Maybe, but that taxing principal was in place before there were
any zoning laws. It doesn't seem that complicated to amend state
statutes to simply redefine use to include the owner's plans when
a rezoning is approved. At the very least, one could modify the
use portion to nullify the exemption at the time a change in use--that
is to say, a rezoning--is granted.
It's clear the Legislature will never allow this to happen unless--or
until--there's a groundswell of public anger at being stiffed
every year by this archaic scam while the rest of us cough up
our property taxes like the law-abiding chumps we are. As the
demand for more revenues for rapacious local governments continue
to grow, how long will the taxpayers continue to allow this massive
loophole to exist?
Part of the problem is the general ignorance concerning the magnitude
of the problem. Anywhere from $50 million to $100 million a year
in new revenue in Pima County alone would be a major relief to
hard-strapped local governments, mostly in that position because
of the very actions of the same land speculators who cash in on
the exemptions. A mere $12 million to $25 million a year would
certainly solve our current law-enforcement needs.
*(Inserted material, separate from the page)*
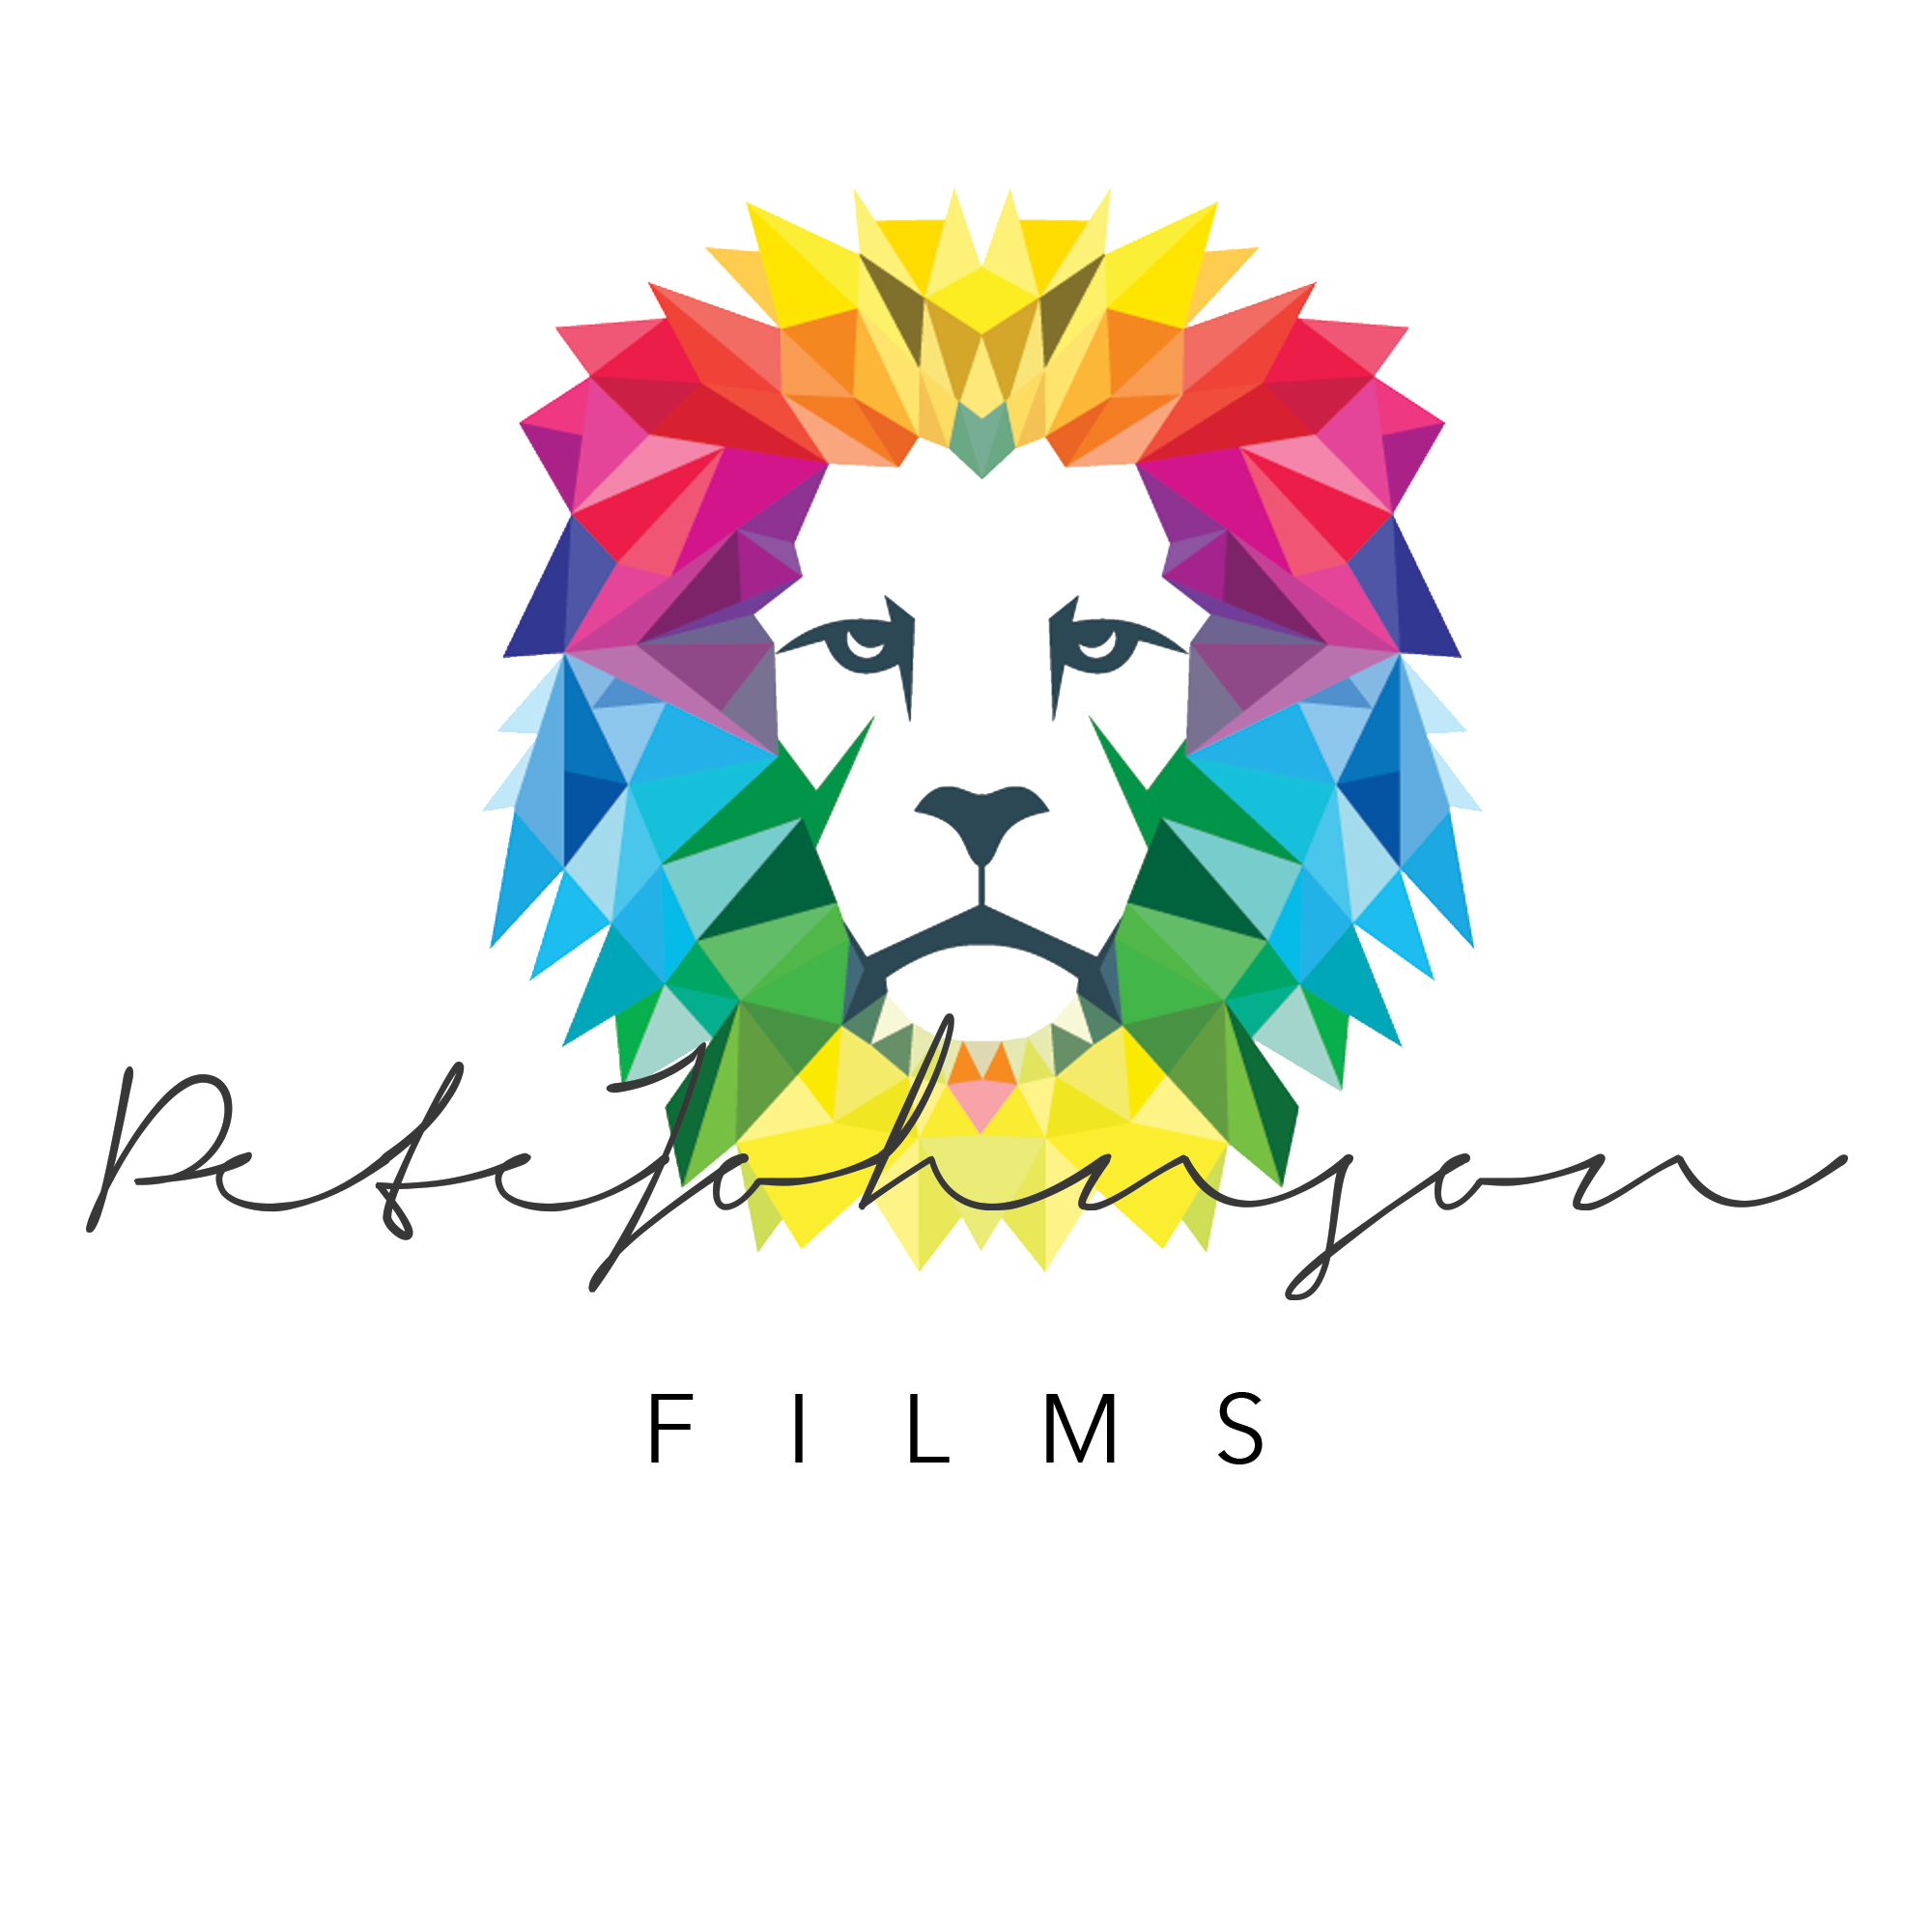 Pete Johnson Films

Perhaps the best solution would be to run an initiative on the
issue. Undoubtedly it would pass easily, no matter how many millions
the developers would throw up against it. Environmental types
now trying for additional controls via urban growth boundaries
would be wise to consider that option. As one of the group's more
sophisticated local members, Rich Genser, notes: "Pulling
the agricultural exemption on rezoned land would do more to slow
down sprawl and restrain growth than most of the controlled-growth
proposals combined."
And it would go a long way to genuine tax equity by eliminating
one of the more obnoxious forms of corporate welfare in Arizona.